Alternate title(s):
Foreign Title:
Date: January 01, 1980 to February 01, 1981
Dates Note: 1980
Country of Origin:
Japan
Place of Origin: Japan
Languages:
Japanese
Color: Color
Silent: No
Based On:
Additional Info:
Named the best film of the 1980s in a poll of Japanese film critics, Zigeunerweisen takes its title from a recording of violin music by Pablo de Sarasate. The piece haunts the film’s two main characters: Aochi, an uptight professor at a military academy, and his erstwhile colleague Nakasago, who is now a wild-haired wanderer and possible murderer. The movie’s plot is a metaphysical ghost story involving love triangles, doppelgangers, and a blurred line between the worlds of the living and the dead.

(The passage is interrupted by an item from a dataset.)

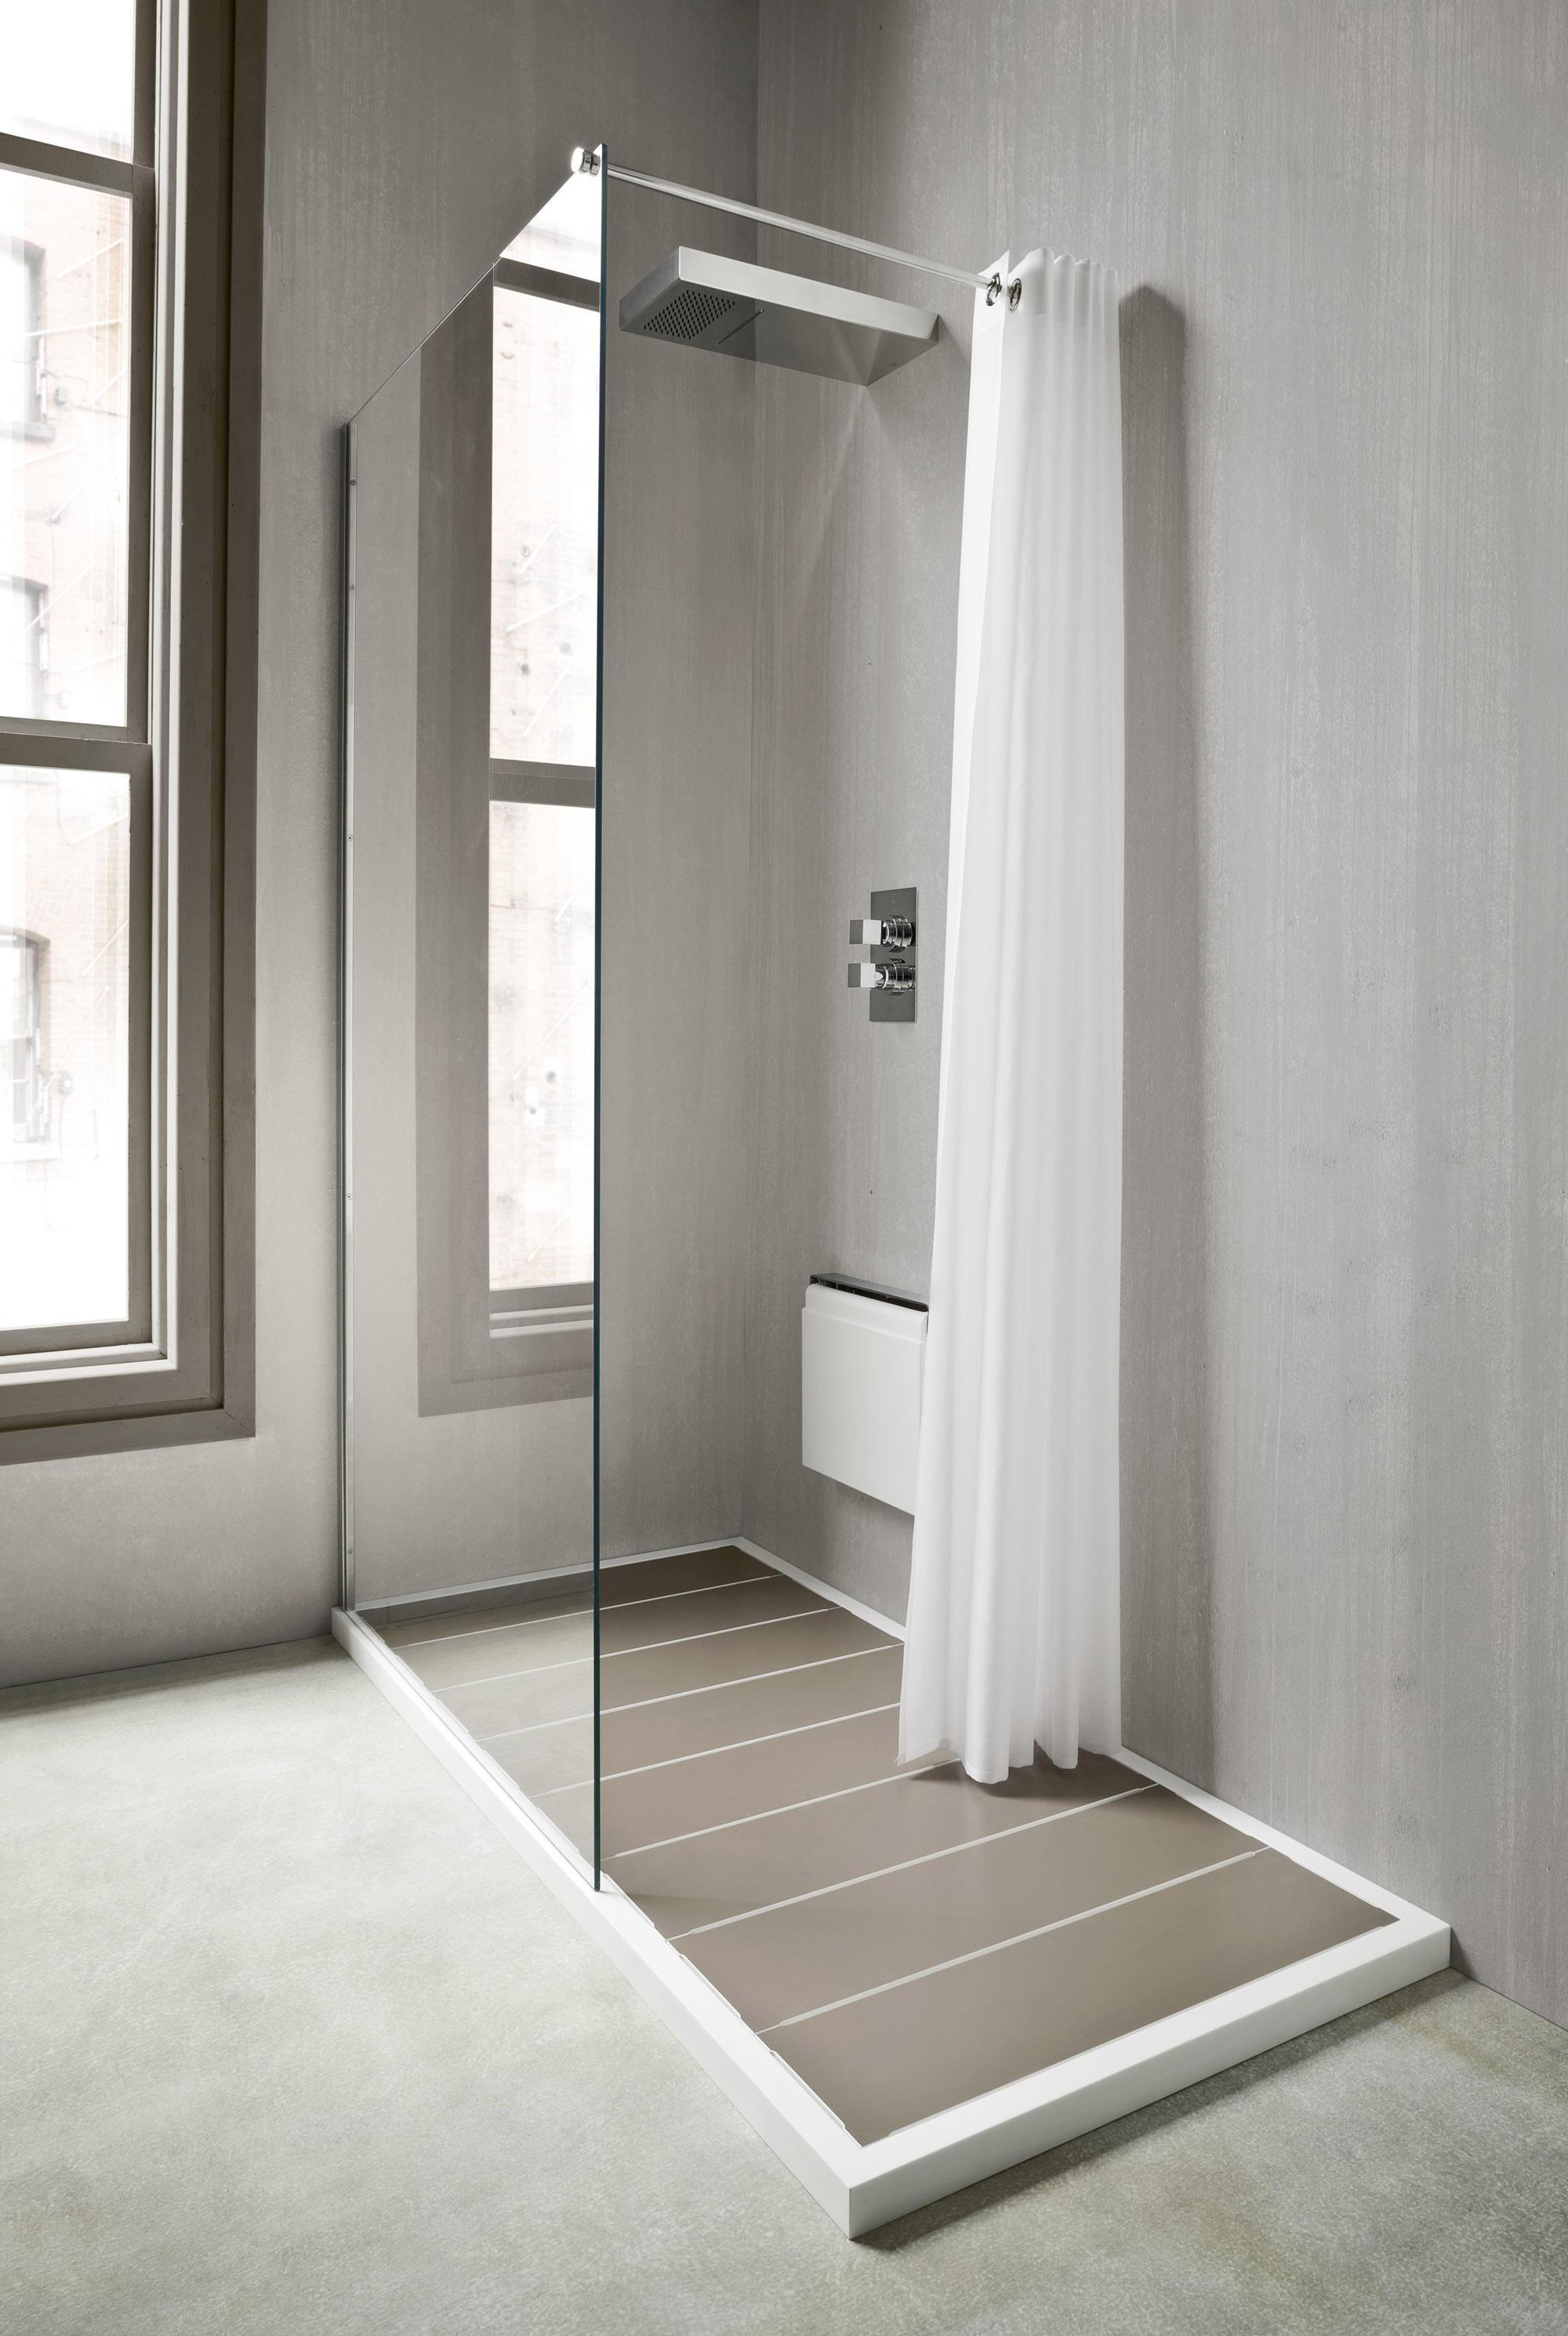 giano douche receveur et fermeture pare douches de rexa design architonic. Black Bedroom Furniture Sets. Home Design Ideas

Seijun Suzuki’s hypnotic and extraordinarily beautiful film evokes the late 1920s as a period of changing mores in Japan akin to Weimar Germany. Suzuki weds French Surrealism to Japanese ghost story (with a bit of German Expressionism thrown in to make it a ménage à trois) for a story that actually involves a ménage à cinq. A Japanese professor of German on vacation in a seaside resort is drawn, through an old university acquaintance, into a bizarre sexual pentangle involving a geisha and a woman who resembles her exactly (both are played by Naoko Otani), as well as his own wife. Denizens of the supernatural appear to roam comfortably in the free-spirited universe in which the professor finds himself. The title refers to Sarasate’s violin composition, a piece that haunts this film both as an element of its story and in the score.